Anchored Squally Bay (west side of Gloucester Island); 26/09/2021, 20 00.432S, 148 26.423E, in 8.1m with 2.1m tide, 50m chain, scope ratio HT 6:1, exit 320o. Winds ESE 7knts. Sticky mud on anchor (difficult to wash off). [100 Magic Miles of the Great Barrier Reef – The Whitsunday Islands, D Colfelt, 13th ed, 2020, pg 133]  [Marine Park Zoning Map 10 – Whitsunday, Qld Govt, 2019] [Fish Finder magazine, 2020, pg.272-273]

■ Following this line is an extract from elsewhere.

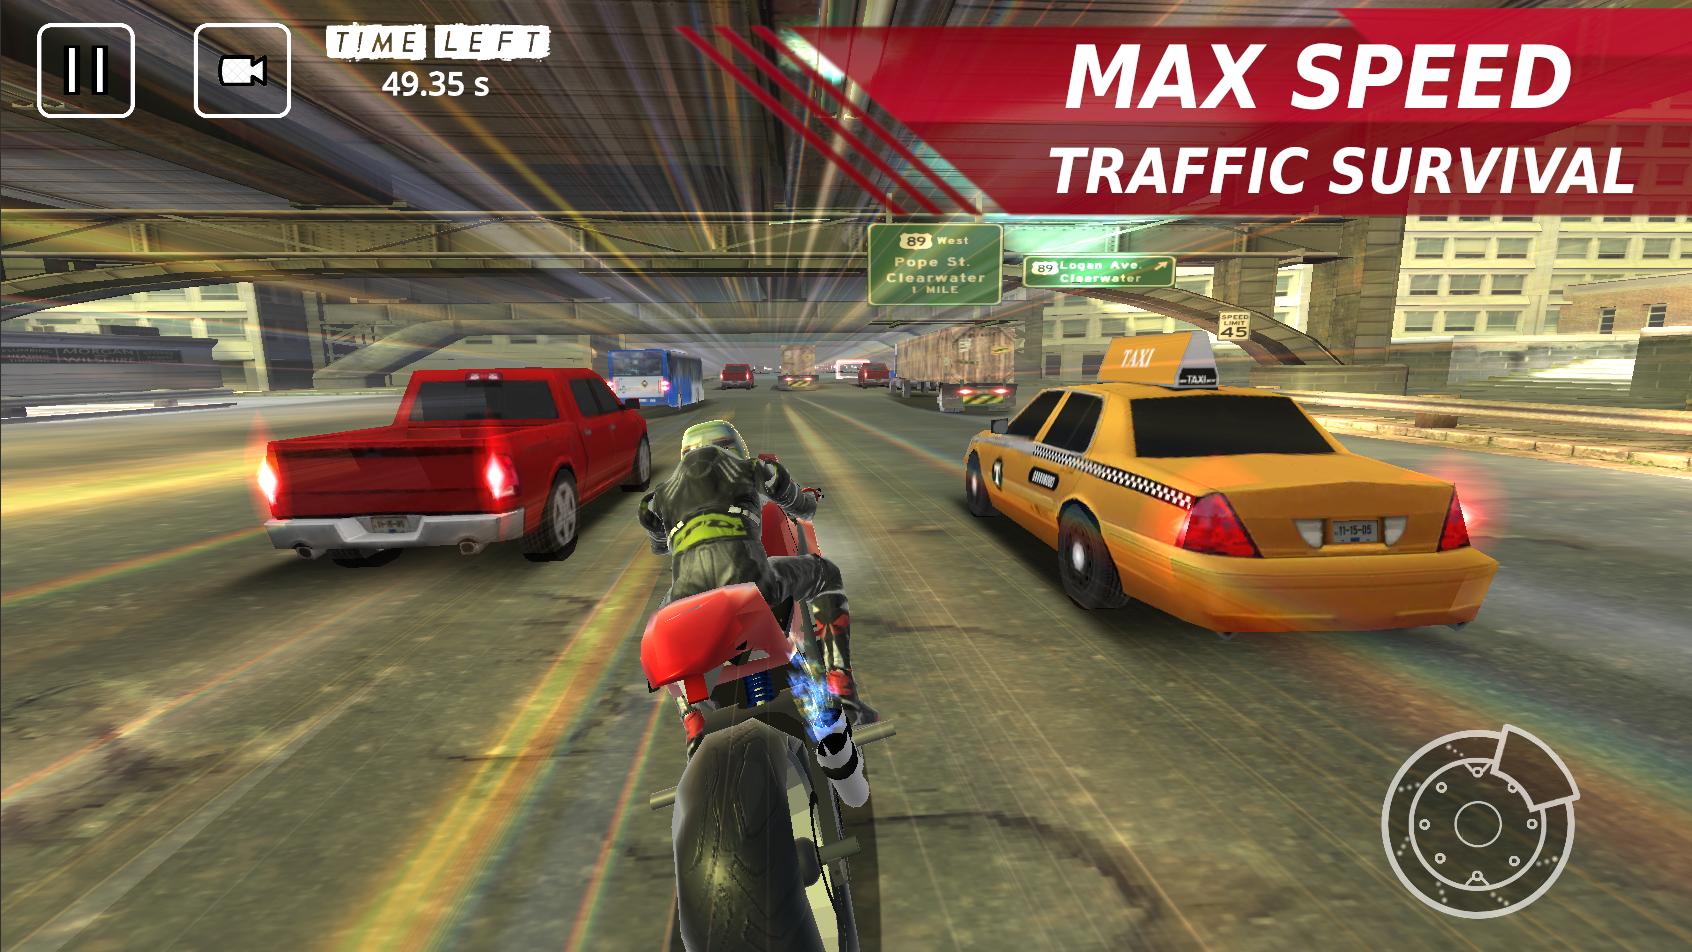 Rebel Gears Drag Bike Racing / CSR Race Moto Game 1.3.2 Screenshot 5

Banner photo – Sunset at Little Jonah Bay Sept 2021

This Post Has 4 Comments

  1. HNY to you both. PB asked only the other day where you were. So, thanks for update
    I love the Whitsundays. Would like to get back there one day.
    Neon looks healthy, all that fresh air !!!
    Take care and stay safe.
    Love to both, cheers
    KAB. 😘😘

    1. We would love to show you around the Whitsundays, Keren. Best to you and PB

  2. Love reading about your journey. Keep im commin.